Give every line of the data again, unchanged, but with no pictures.

▶ _SOURCE MATERIAL_
::::
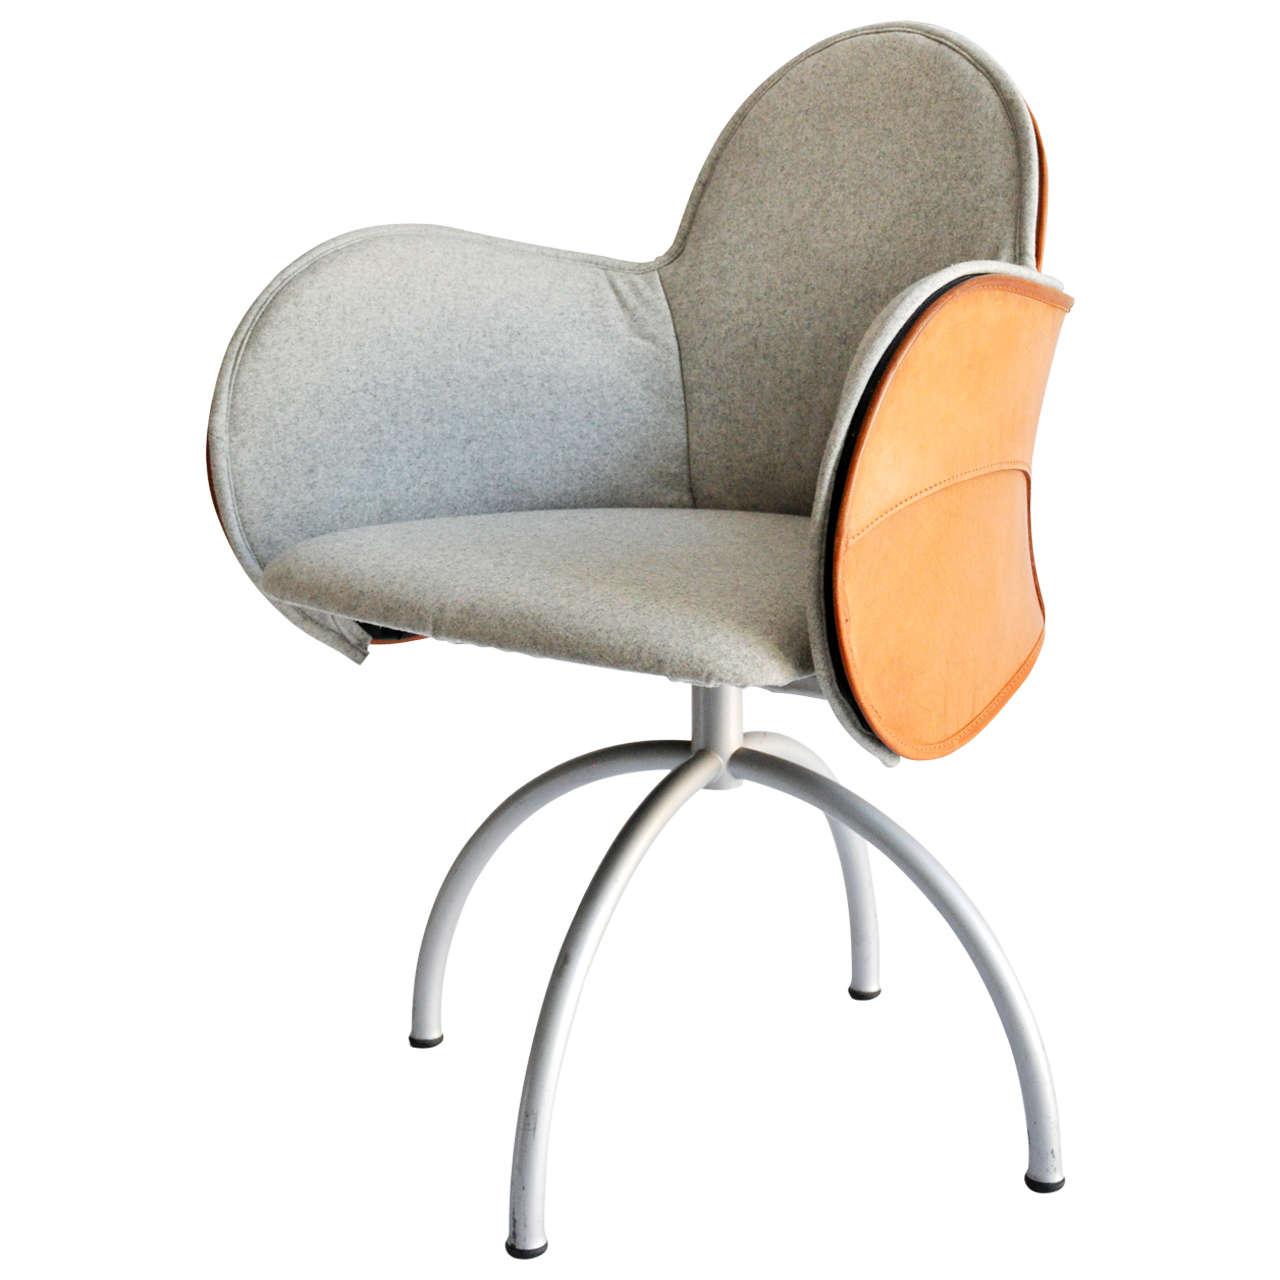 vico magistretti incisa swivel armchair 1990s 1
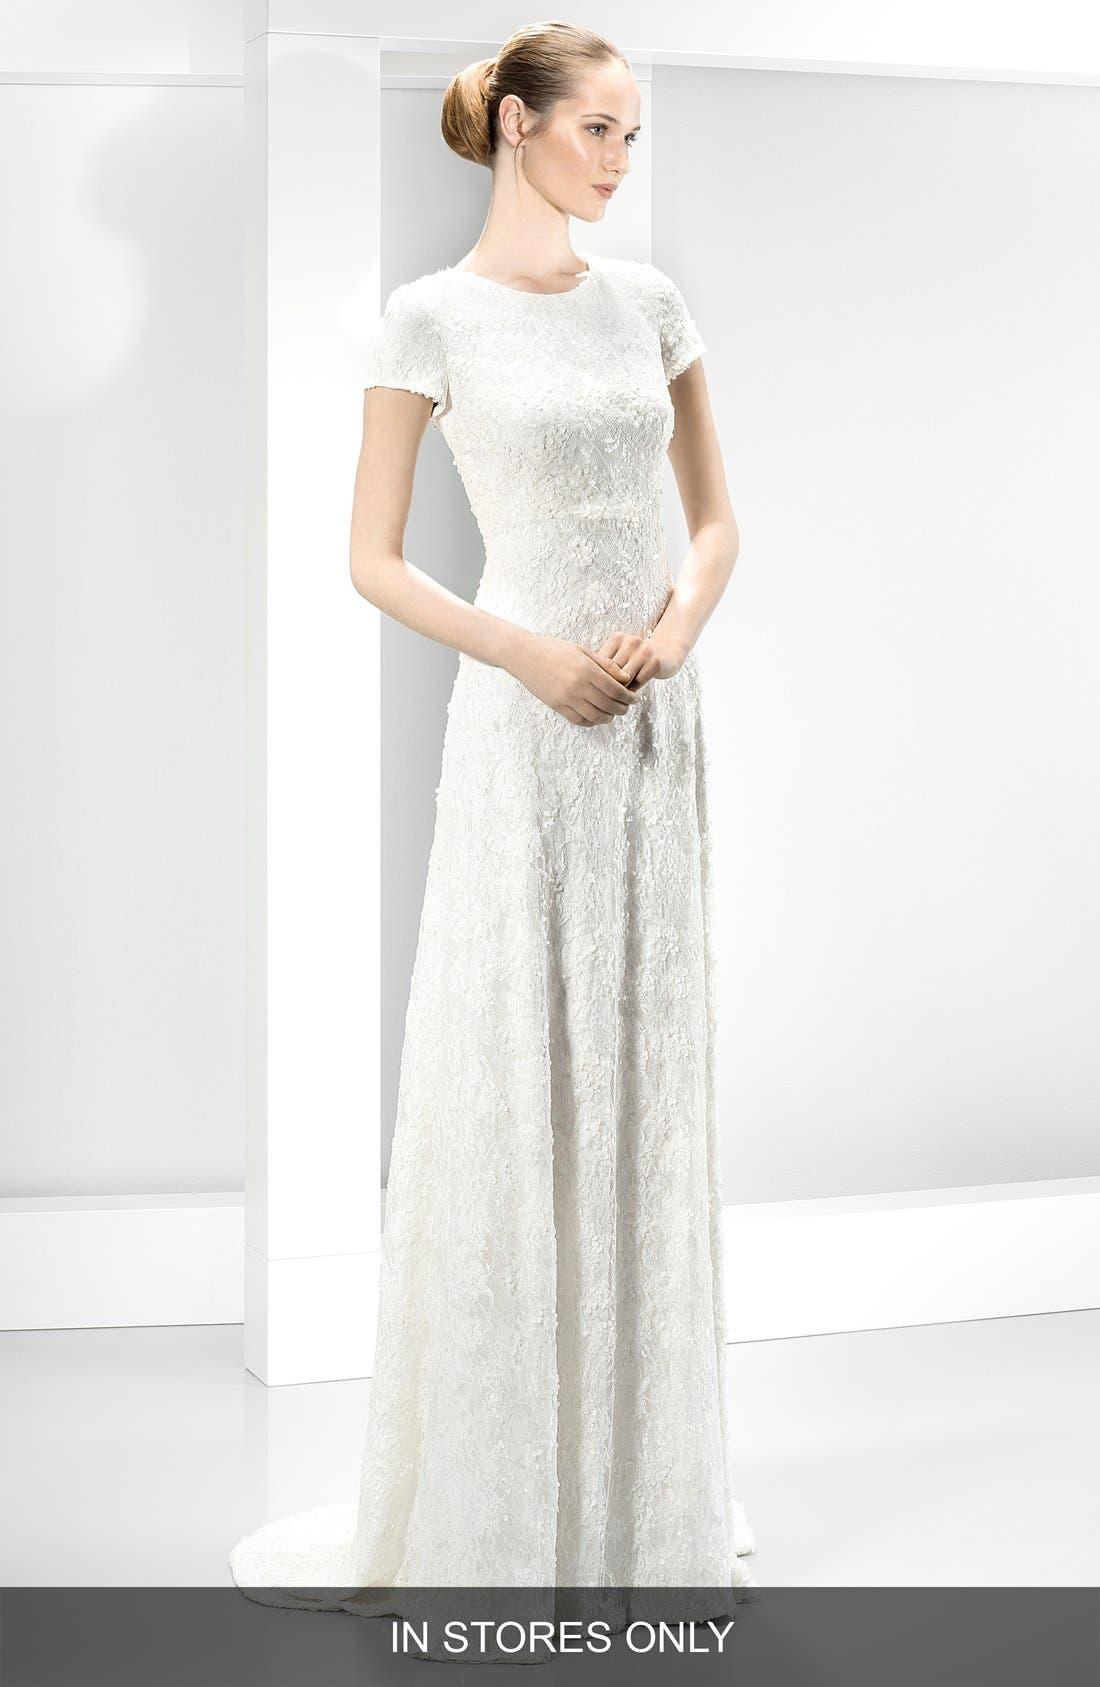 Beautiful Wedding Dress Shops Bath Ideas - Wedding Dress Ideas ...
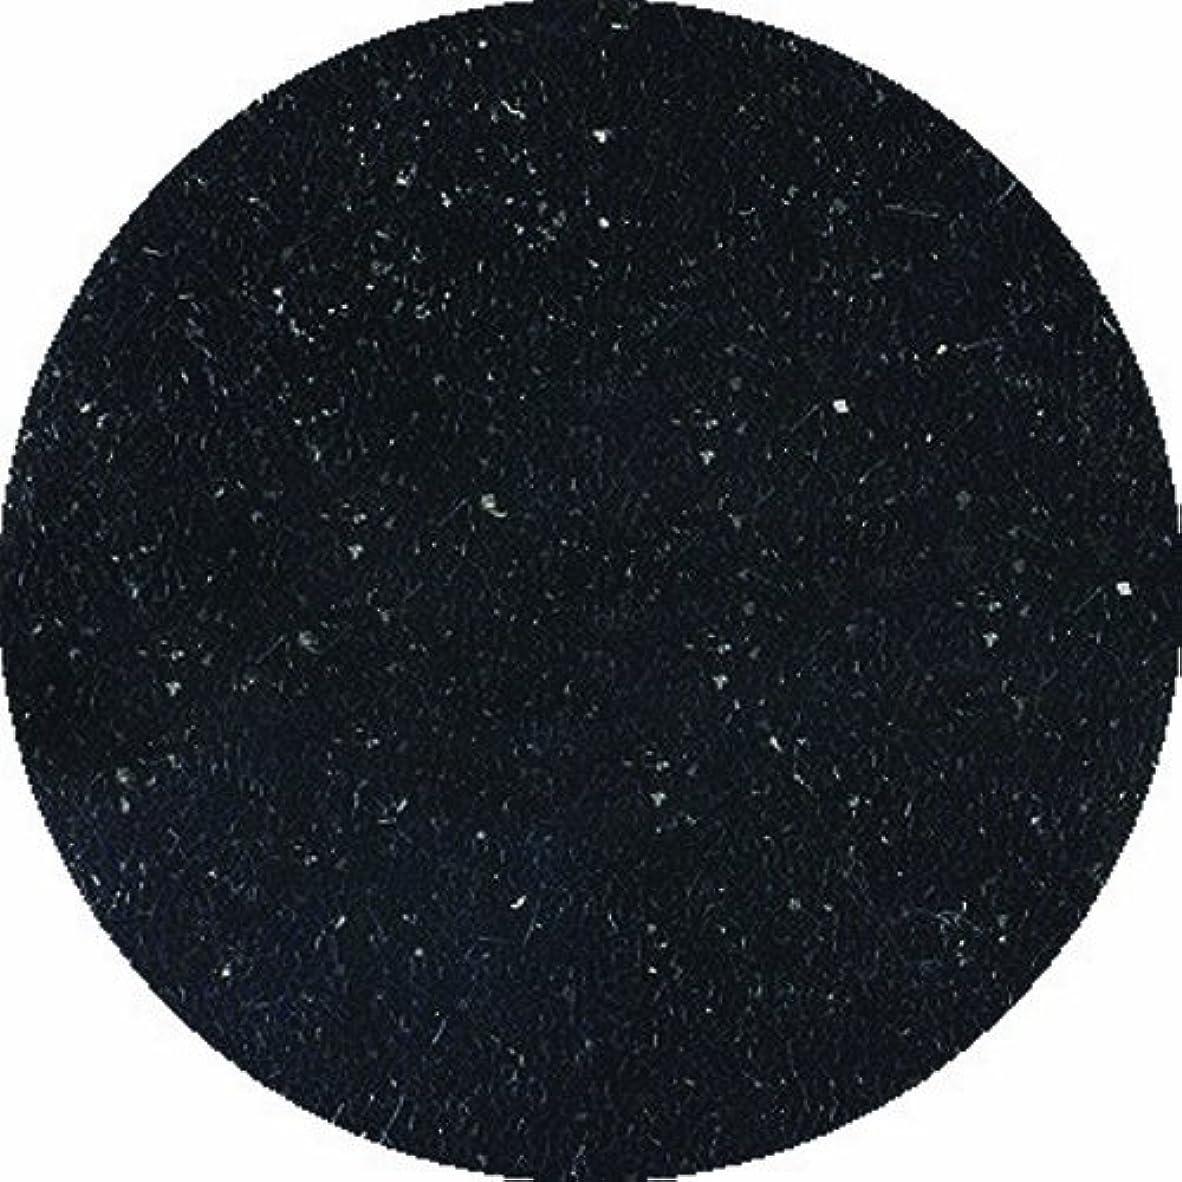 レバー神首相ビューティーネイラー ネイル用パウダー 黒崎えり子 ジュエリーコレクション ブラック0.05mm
::::
▶ _RESPONSE AREA_
 vico magistretti incisa swivel armchair 1990s 1
 Beautiful Wedding Dress Shops Bath Ideas - Wedding Dress Ideas ...
 レバー神首相ビューティーネイラー ネイル用パウダー 黒崎えり子 ジュエリーコレクション ブラック0.05mm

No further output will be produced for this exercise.